Dann kam Brill, grüßte höflich und stumm, wirkte wie immer, eine Spur zu beflissen, wie zum Sprung bereit, um seine Tüchtigkeit vorzuführen.
»Mensch, Brill«, riß Nareike das Gespräch an sich. »Entschuldigen Sie, meine Herren, bevor Sie in Ihre Amtshandlung eintreten, möchte ich in meiner Eigenschaft als Generalbevollmächtigter dieses Hauses unserem bisherigen Personalchef eine Frage vorlegen.«
Der Kommissar wollte es verhindern, aber Dr. Frischmuth gab ihm einen Wink, Nareike weitersprechen zu lassen.
»Heißen Sie Brill oder Pribke?«
Der Personalchef war nicht mehr beflissen. Er wirkte seltsam starr, gelähmt von einer Platzangst, auch seine Stimme hatte sich verloren.
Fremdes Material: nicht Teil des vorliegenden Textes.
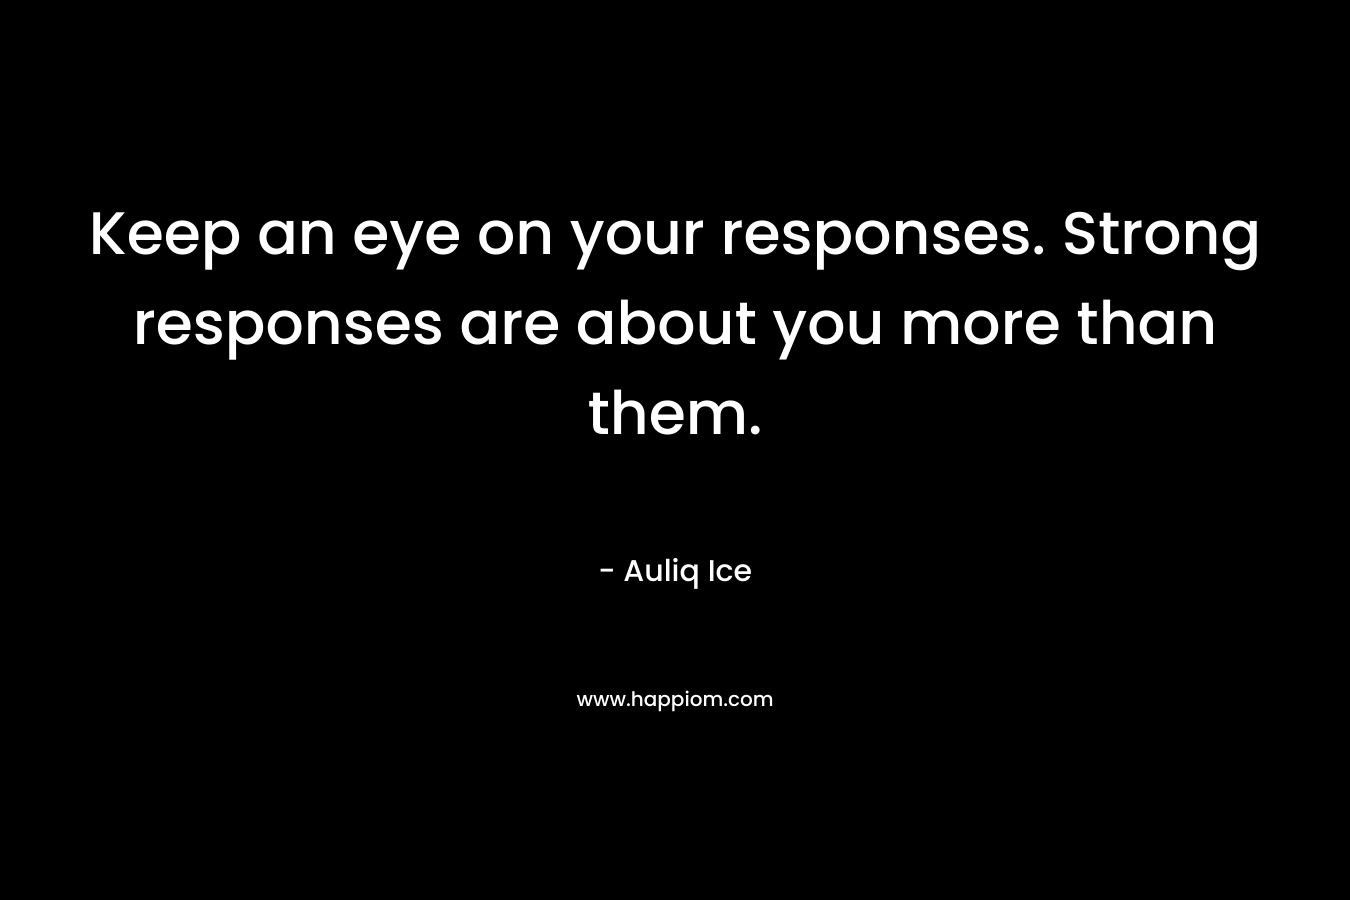 Keep an eye on your responses. Strong responses are about you more than them. – Auliq Ice

»Brill«, sagte Nareike eindringlich. »Es interessiert mich einen Dreck, was Sie in Bergen-Belsen gemacht haben oder auch nicht. Das ist keine Angelegenheit unserer Firma. Sie waren hier Personalchef, zuständig für mehr als tausend Mitarbeiter, Sie haben die verdammte Pflicht und Schuldigkeit, Müller & Sohn nicht in Ihre Scheißvergangenheit hineinzuziehen. Mein Vorschlag: Sie sagen jetzt die Wahrheit. Die Herren nehmen Sie mit, und ich erfinde eine provisorische Begründung für Ihren Abgang. Wenn wir uns auf diesen Modus einigen können, bin ich bereit, auf Firmenkosten Ihre Verteidigung zu übernehmen und dafür zu sorgen, daß Ihre Familie keine finanziellen Sorgen hat. Hören Sie mir zu, Mann?«
»Aber ja, Herr Nareike«, erwiderte Brill. Er sah in diesem Moment mehr kläglich als gefährlich aus. Es schien fast unvorstellbar, daß ihm in seiner früheren Tätigkeit auch nur die Hand ausgerutscht sein könnte.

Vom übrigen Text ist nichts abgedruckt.